Extracted information |
——————————
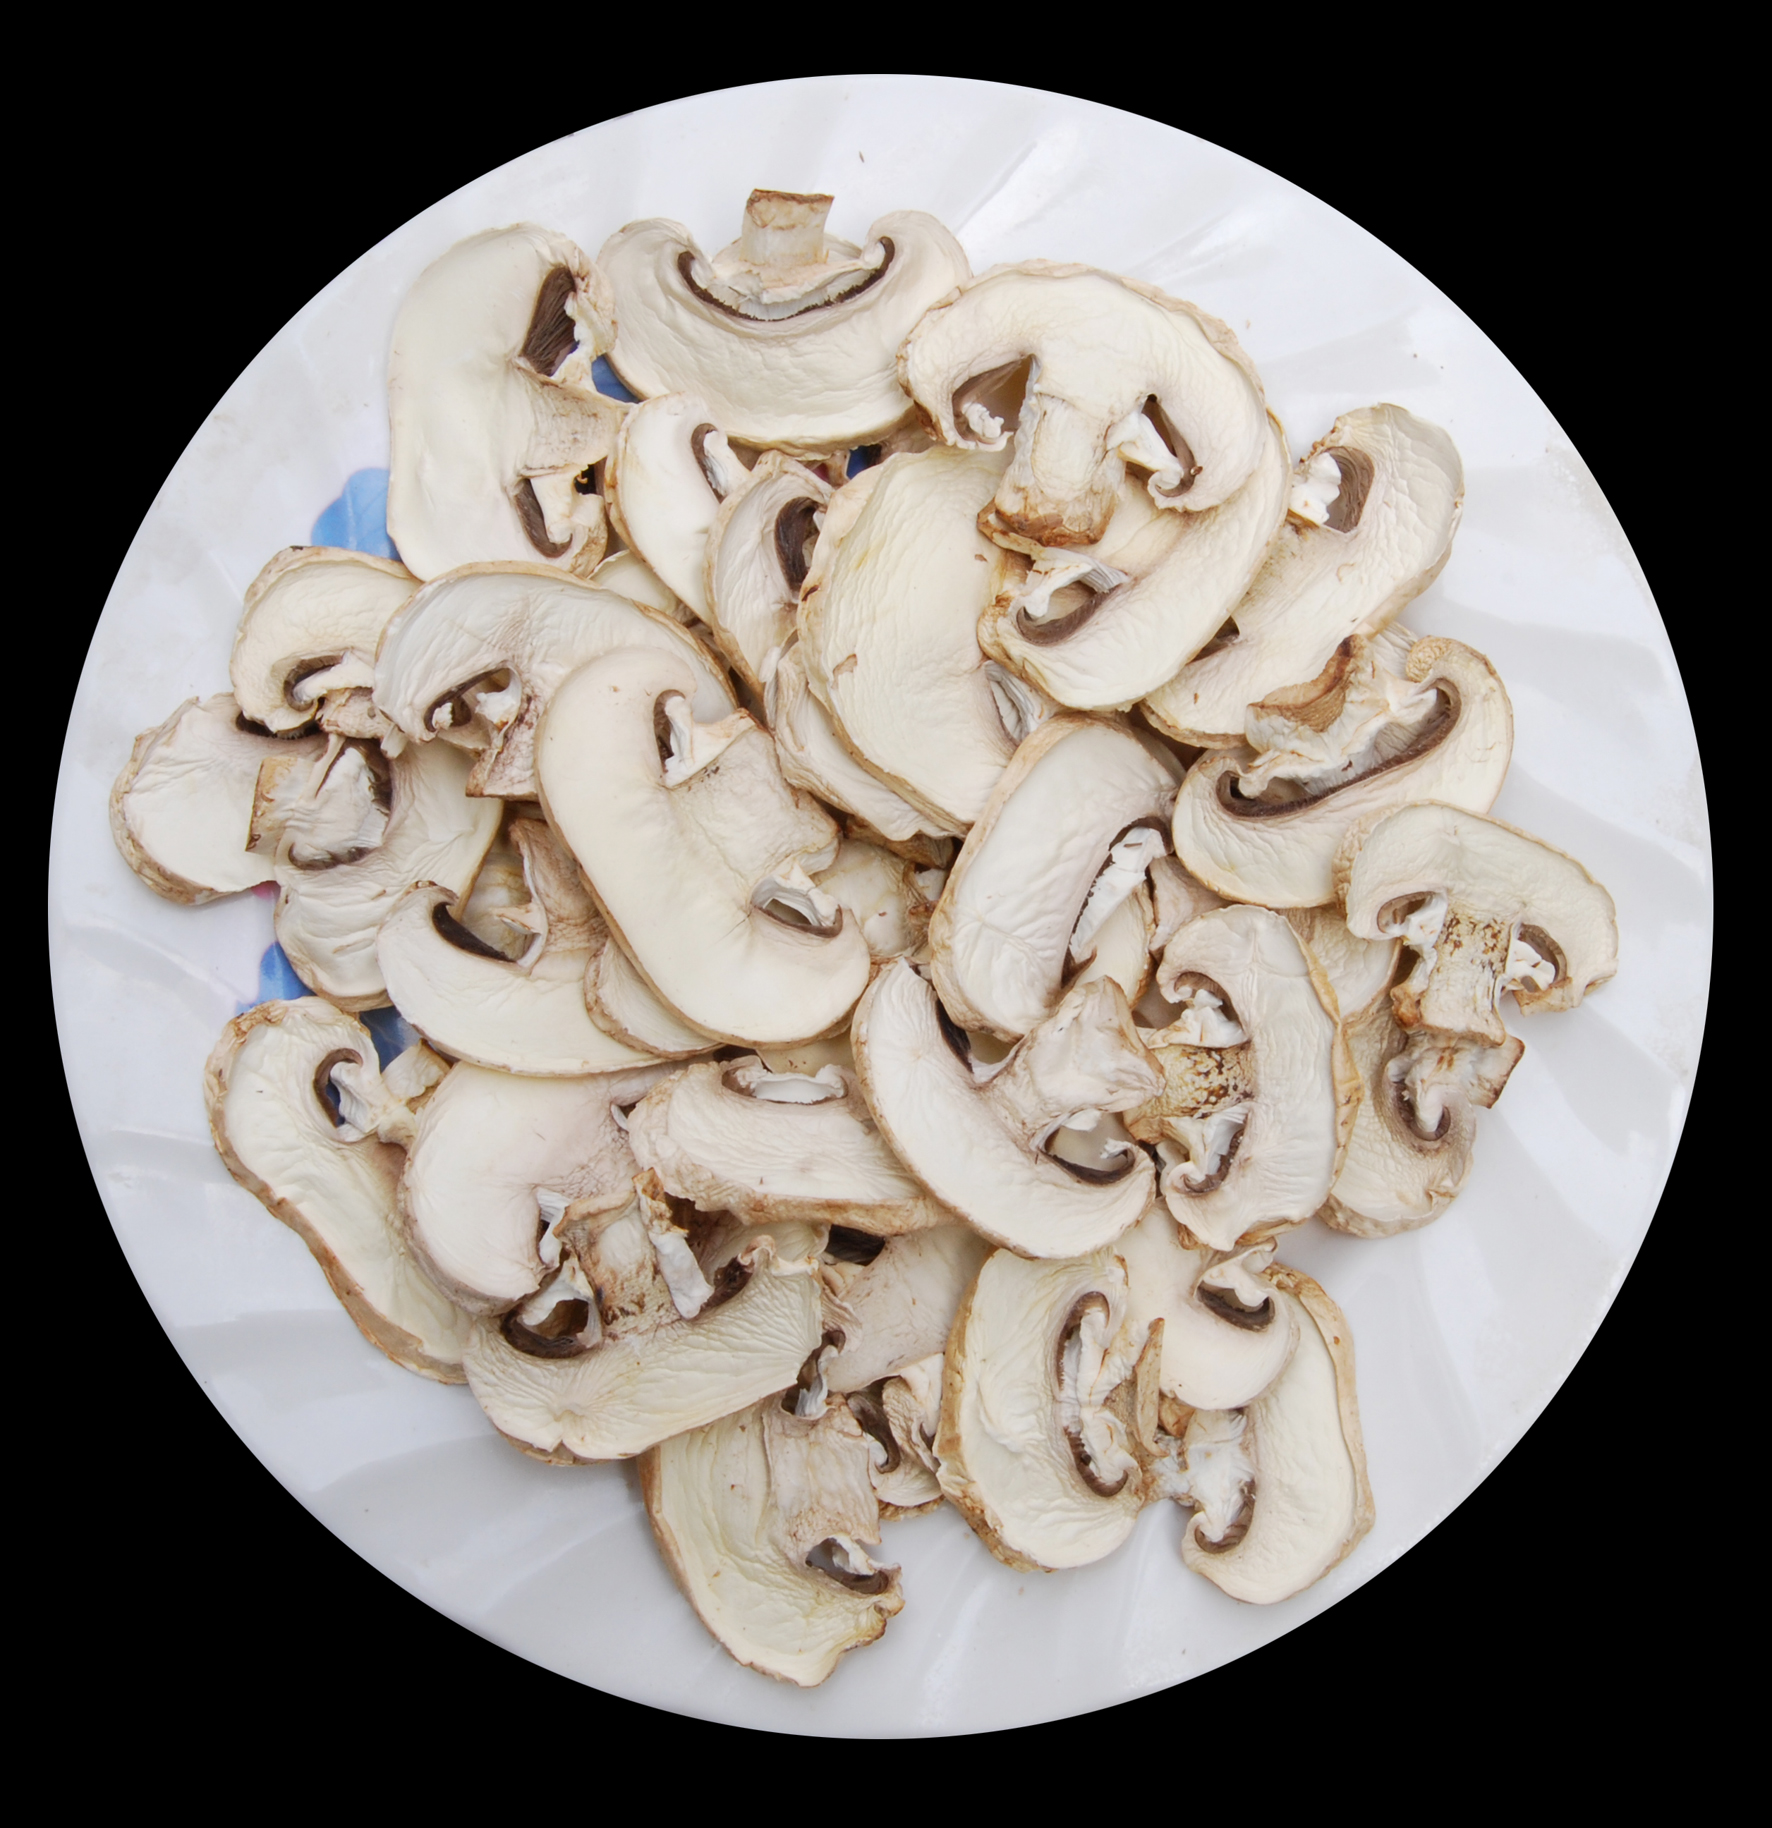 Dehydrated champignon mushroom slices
——————————
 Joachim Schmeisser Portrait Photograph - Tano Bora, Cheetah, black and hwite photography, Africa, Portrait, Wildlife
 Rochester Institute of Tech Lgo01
——————————
Goal of the exercise |
Which lines above run from the one containing "Joachim Schmeisser Portrait" down to the one containing "Rochester Institute of Tech Lgo01"? Repeat exactly those, both ends included, and nothing else.

Answer for the task |
 Joachim Schmeisser Portrait Photograph - Tano Bora, Cheetah, black and hwite photography, Africa, Portrait, Wildlife
 Rochester Institute of Tech Lgo01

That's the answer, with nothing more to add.